Committee Chairwoman Carolyn Maloney (D-N.Y.), blamed former President Trump for part of the problem.
“Over the past four years, the objective metrics of the High-Risk List show that the federal government improved less, and regressed more, than before the former President took office,” he told Dorado.
The massive report cited several areas affecting financial services:
Financial Regulation
As it has in the past, the GAO said that Congress should consider consolidating the number of federal agencies involved in supervising the safety and soundness of financial institutions. The GAO did not name which agencies might be consolidated, so it is unclear whether the agency is including the NCUA in the mix.

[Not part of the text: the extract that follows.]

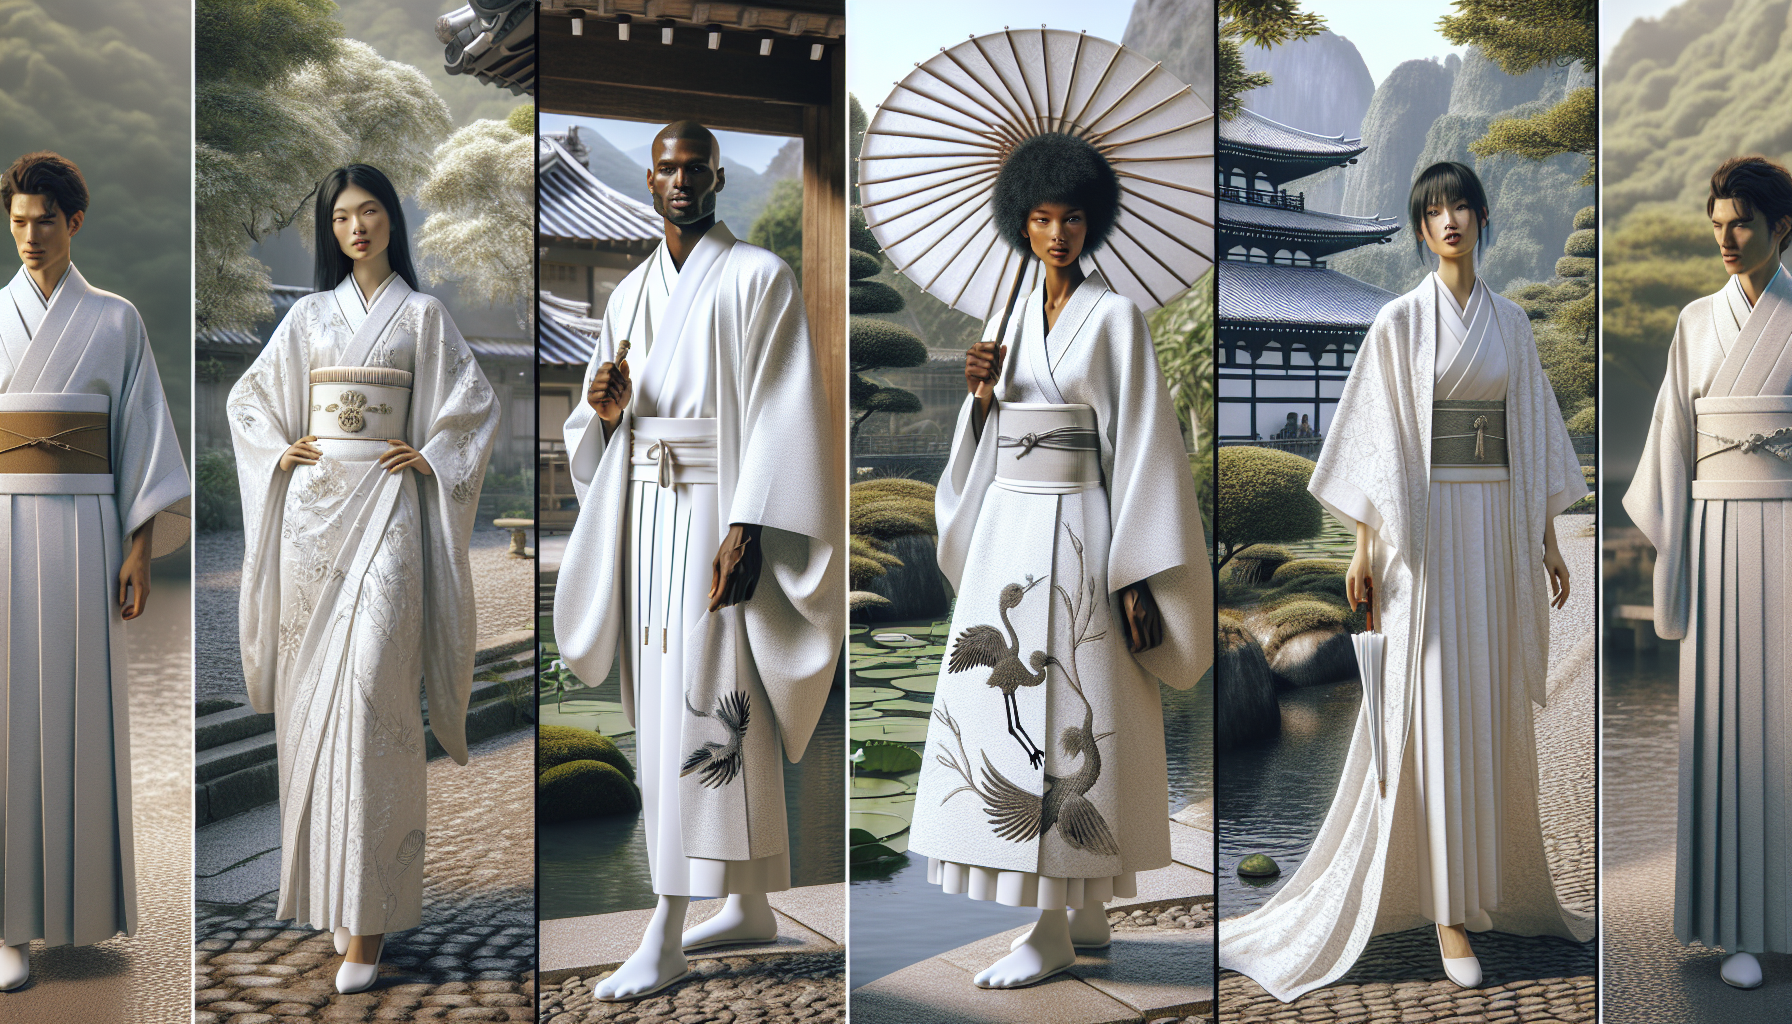 Comment porter élégamment un kimono blanc ?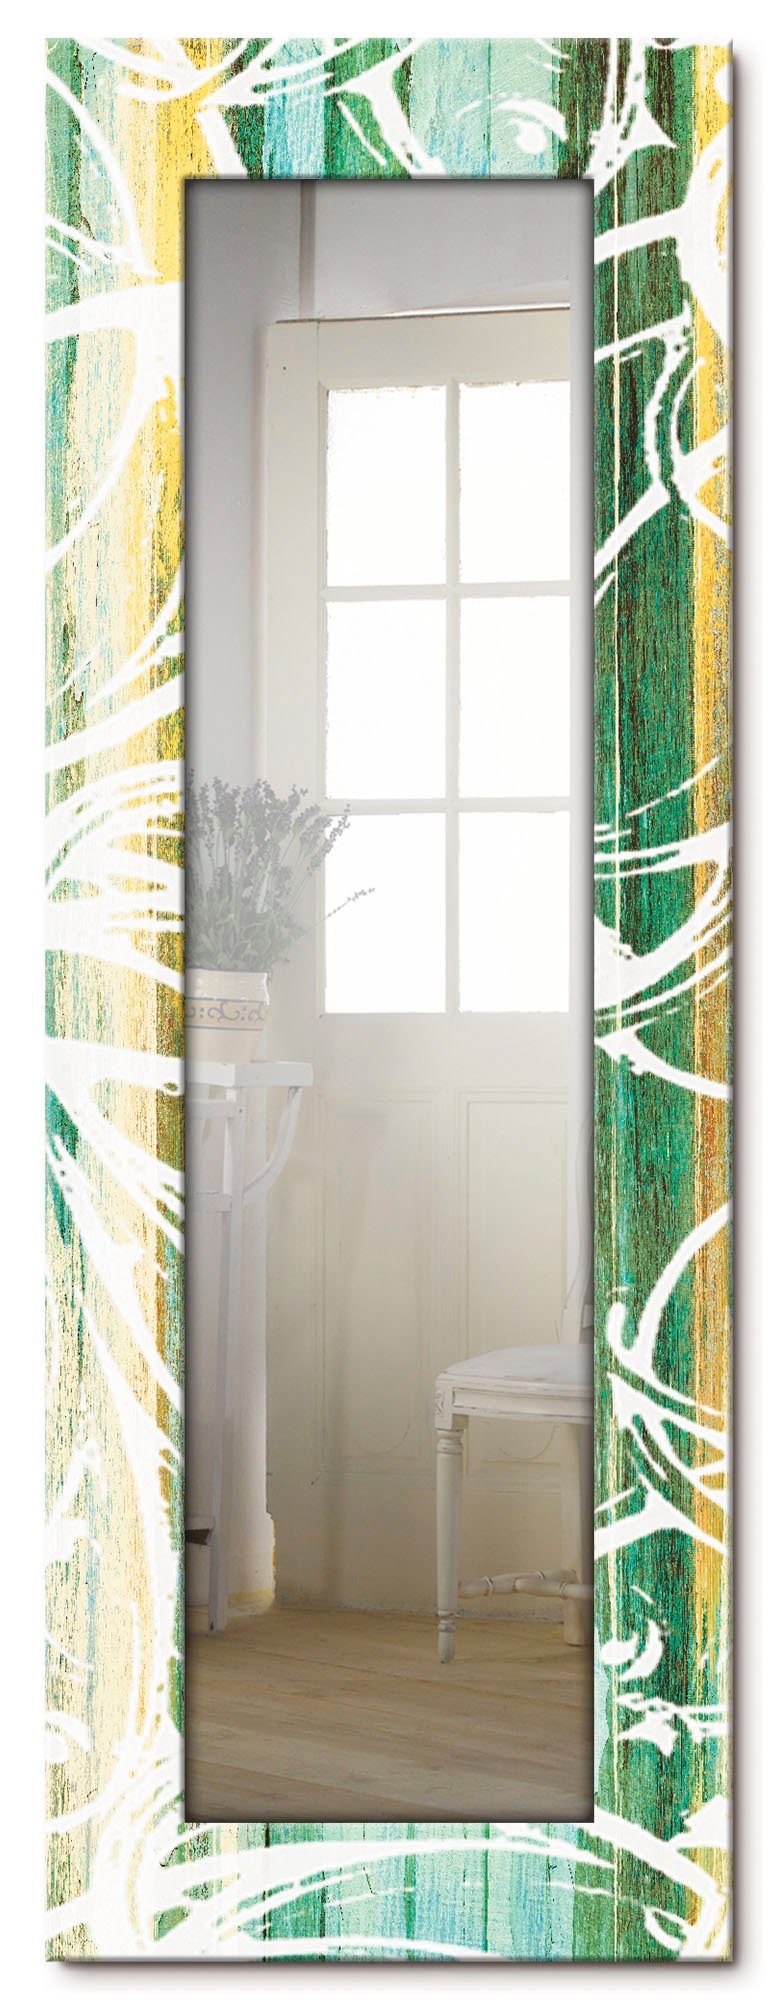 Artland Dekospiegel Ganzkörperspiegel, Landhaus modernen Stil, mit Wandspiegel, gerahmter Motivrahmen, Ornamente im

“The current structure introduces significant challenges for efficient and effective oversight of financial institutions and activities,” the GAO said, noting that in the years leading up to the 2007-2009 financial crisis, the regulatory system had not adapted to significant changes in the marketplace.
For instance, the GAO said entities that played critical roles in the financial markets were not being regulated effectively.
Again, the GAO was vague about the changes it believes should be adopted, but did say that Congress should consider changes to ensure the consistency of consumer protections and the consistency of financial oversight for similar institutions and services.
The GAO noted that while Congress created the Financial Stability Oversight Council (FSOC) in the Dodd-Frank Act, it did not give the council sufficient authority to address risks from financial activities that include multiple entities. For instance, the FSOC can recommend but not require regulators to act on problems involving systemic risk.
Specifically, the FSOC can recommend but not compel regulators to act with respect to systemic risk arising from such activities. This presents a challenge to holding the FSOC and financial regulators accountable for addressing systemic risk.
“Hence, addressing weaknesses in the U.S. financial regulatory structure will require additional congressional leadership,” the GAO concluded.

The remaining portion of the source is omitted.